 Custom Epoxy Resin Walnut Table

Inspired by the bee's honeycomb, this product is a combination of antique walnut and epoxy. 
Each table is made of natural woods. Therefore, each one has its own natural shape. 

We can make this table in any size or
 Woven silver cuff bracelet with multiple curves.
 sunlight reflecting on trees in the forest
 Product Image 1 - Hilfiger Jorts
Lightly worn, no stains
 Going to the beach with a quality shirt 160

______

=== TASK TO COMPLETE ===
Pull every line containing the word "with" out of the material and copy it.

=== REPLY TO THE EXERCISE ===
 Woven silver cuff bracelet with multiple curves.
 Going to the beach with a quality shirt 160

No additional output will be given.